首页 文章

使用Scikit-Learn GridSearchCV与PredefinedSplit进行交叉验证 - 可疑的交叉验证结果非常好

提问于
浏览
1

我'd like to use scikit-learn' s GridSearchCV 执行网格搜索并使用预定义的开发和验证拆分计算交叉验证错误(1倍交叉验证) .

我做错了什么,因为我的验证准确性非常高 . 在哪里我认为我将我的培训数据分成开发和验证集,培训开发集并在验证集上记录交叉验证分数 . 我的准确性可能会夸大,因为我实际上是在开发和验证集的混合培训,然后在验证集上进行测试 . 我'm not sure if I'm正确使用scikit-learn的 PredefinedSplit 模块 . 详情如下:

this answer之后,我做了以下事情:

import numpy as np
    from sklearn.model_selection import train_test_split, PredefinedSplit
    from sklearn.grid_search import GridSearchCV

    # I split up my data into training and test sets. 
    X_train, X_test, y_train, y_test = train_test_split(
        data[training_features], data[training_response], test_size=0.2, random_state=550)

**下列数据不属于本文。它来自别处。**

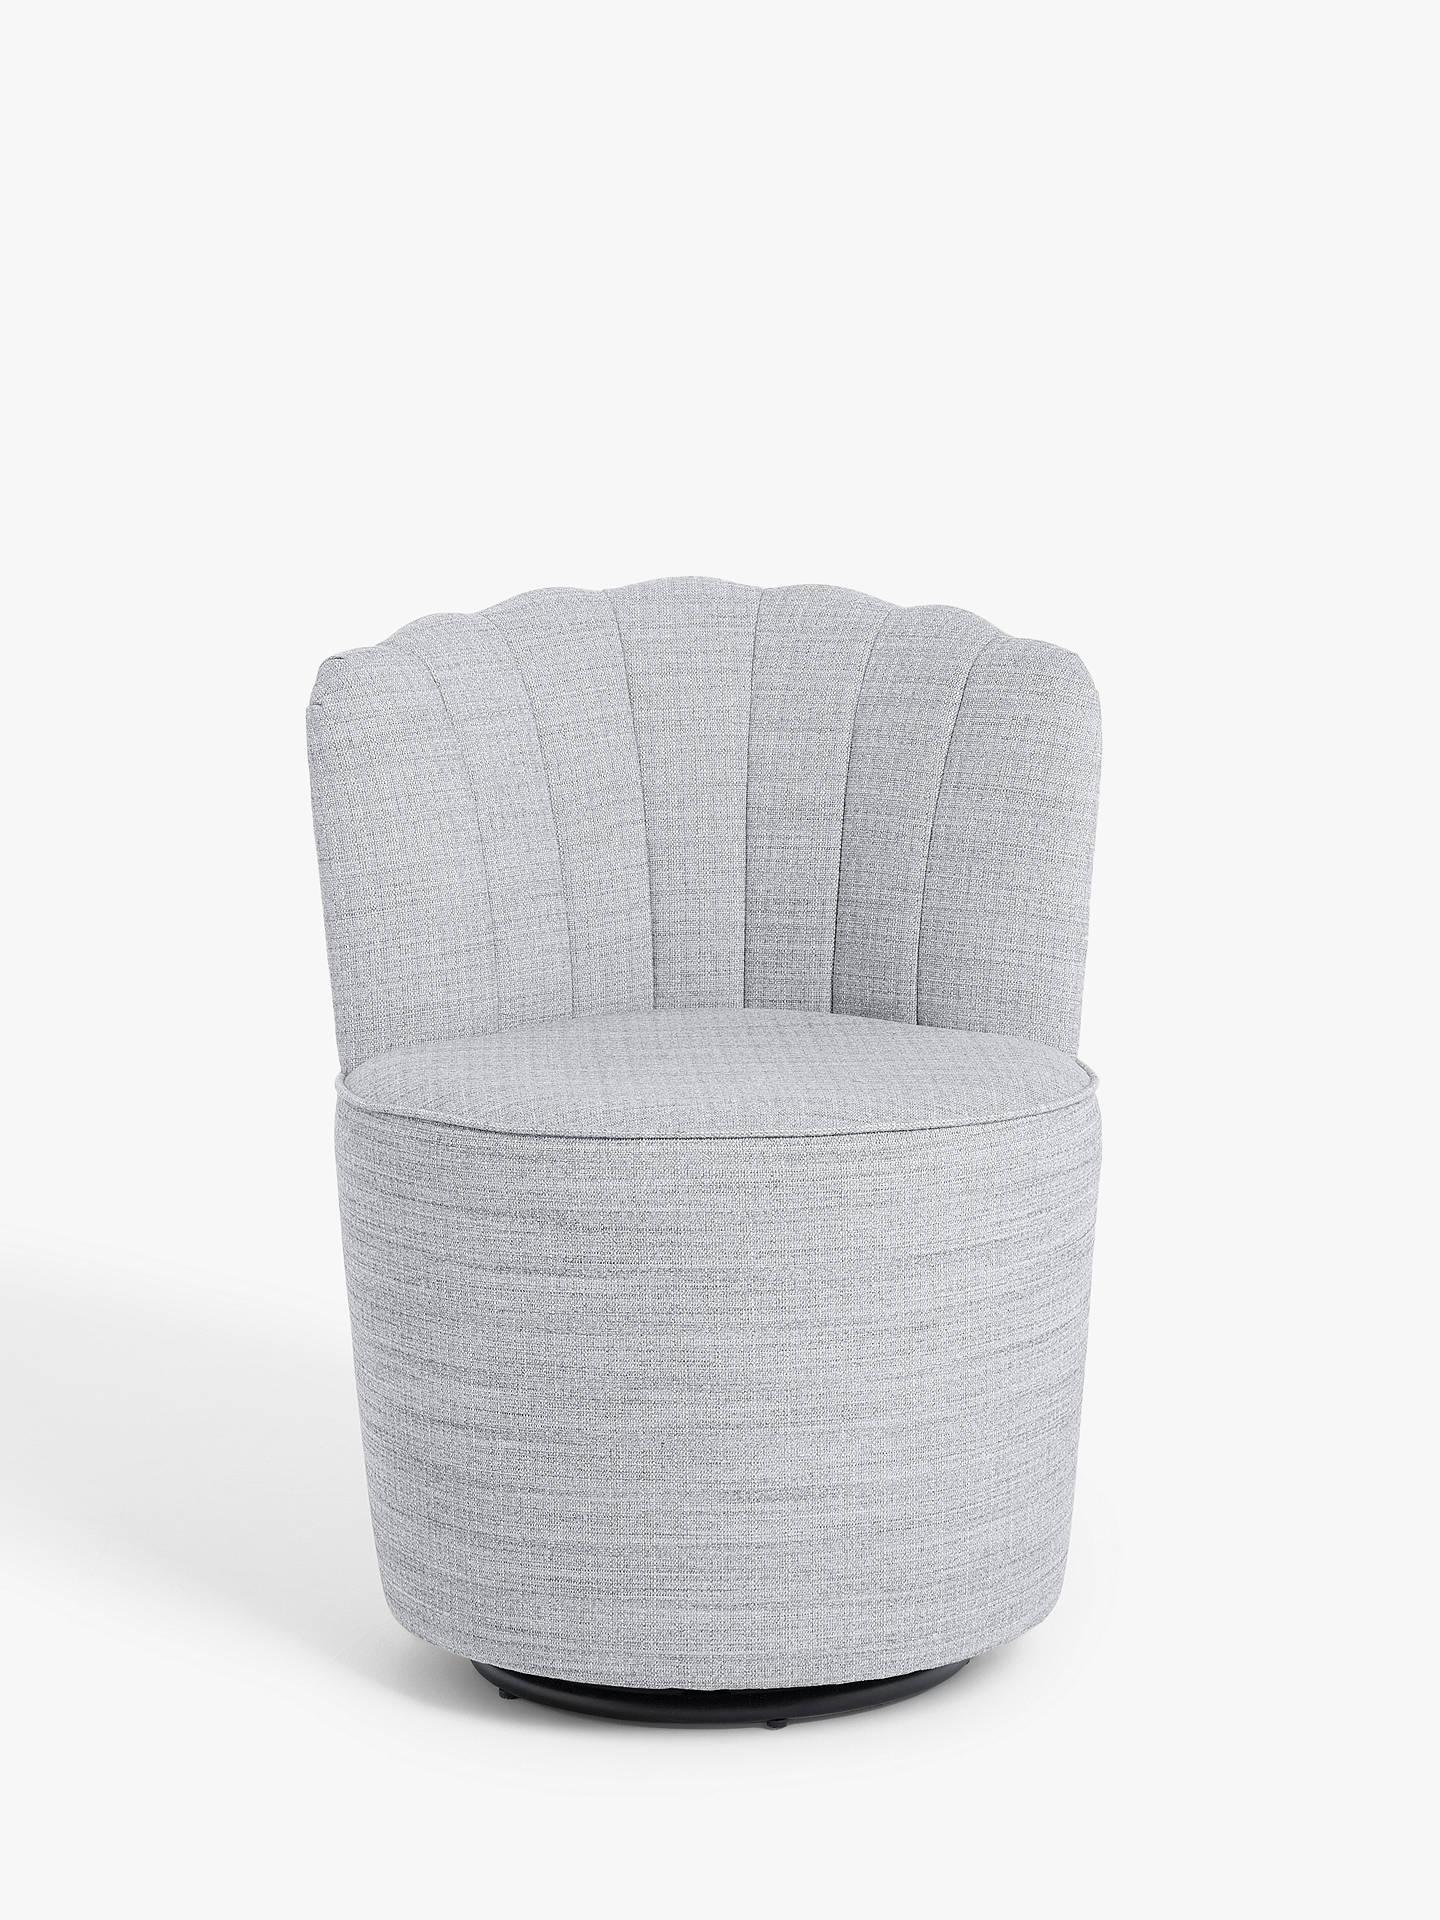 Wondrous John Lewis Partners Pirouette Swivel Accent Armchair Lucca Soft Teal Velvet Lamtechconsult Wood Chair Design Ideas Lamtechconsultcom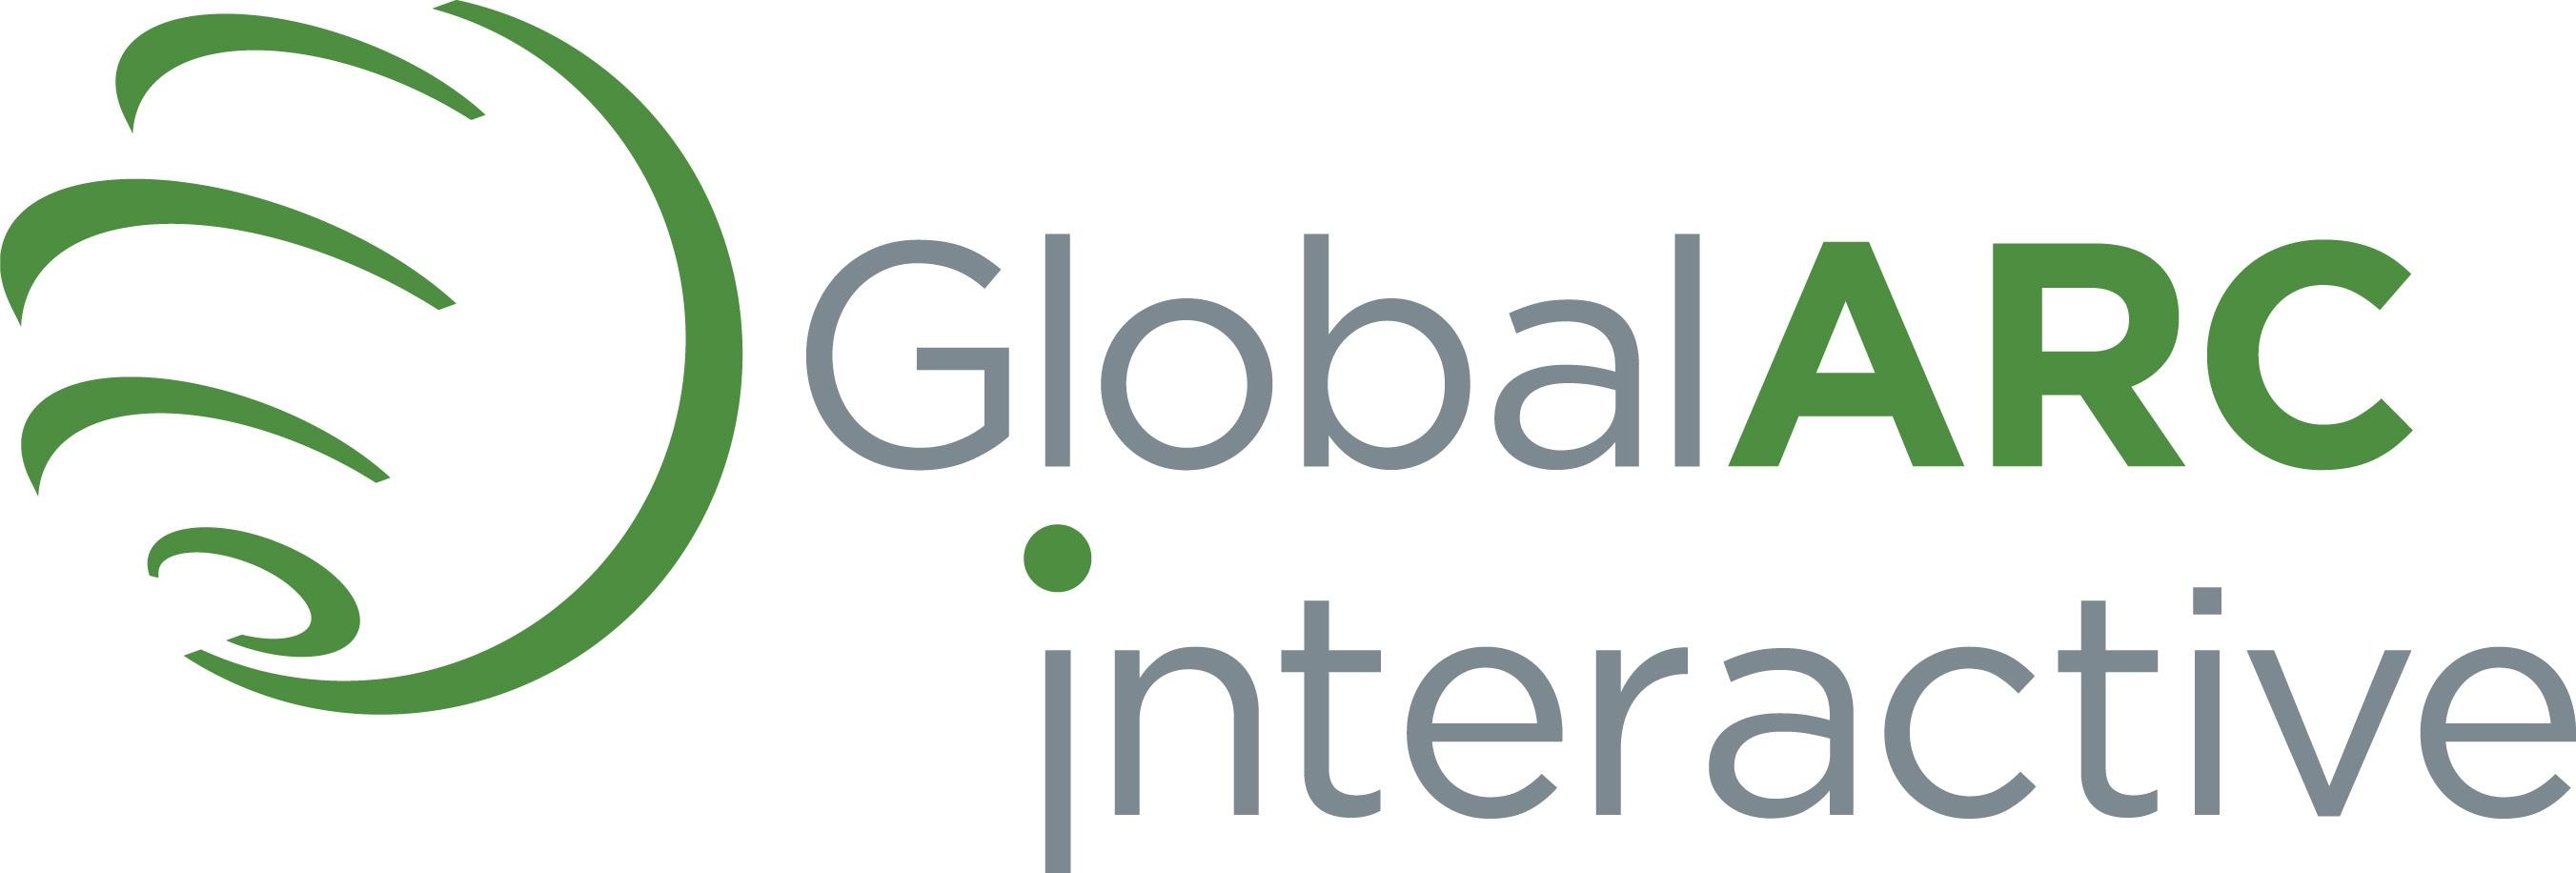 Global ARC Interactive - ESG

    # sanity check - dimensions of training and test splits
    print(X_train.shape)
    print(X_test.shape)
    print(y_train.shape)
    print(y_test.shape)

    # dimensions of X_train and x_test are (323430, 26) and (323430,1) respectively
    # dimensions of X_test and y_test are (80858, 26) and (80858, 1)

    ''' Now, I define indices for a pre-defined split. 
    this is a 323430 dimensional array, where the indices for the development
    set are set to -1, and the indices for the validation set are set to 0.'''

    validation_idx = np.repeat(-1, y_train.shape)
    np.random.seed(550)
    validation_idx[np.random.choice(validation_idx.shape[0], 
           int(round(.2*validation_idx.shape[0])), replace = False)] = 0

    # Now, create a list which contains a single tuple of two elements, 
    # which are arrays containing the indices for the development and
    # validation sets, respectively.
    validation_split = list(PredefinedSplit(validation_idx).split())

    # sanity check
    print(len(validation_split[0][0])) # outputs 258744 
    print(len(validation_split[0][0]))/float(validation_idx.shape[0])) # outputs .8
    print(validation_idx.shape[0] == y_train.shape[0]) # True
    print(set(validation_split[0][0]).intersection(set(validation_split[0][1]))) # set([])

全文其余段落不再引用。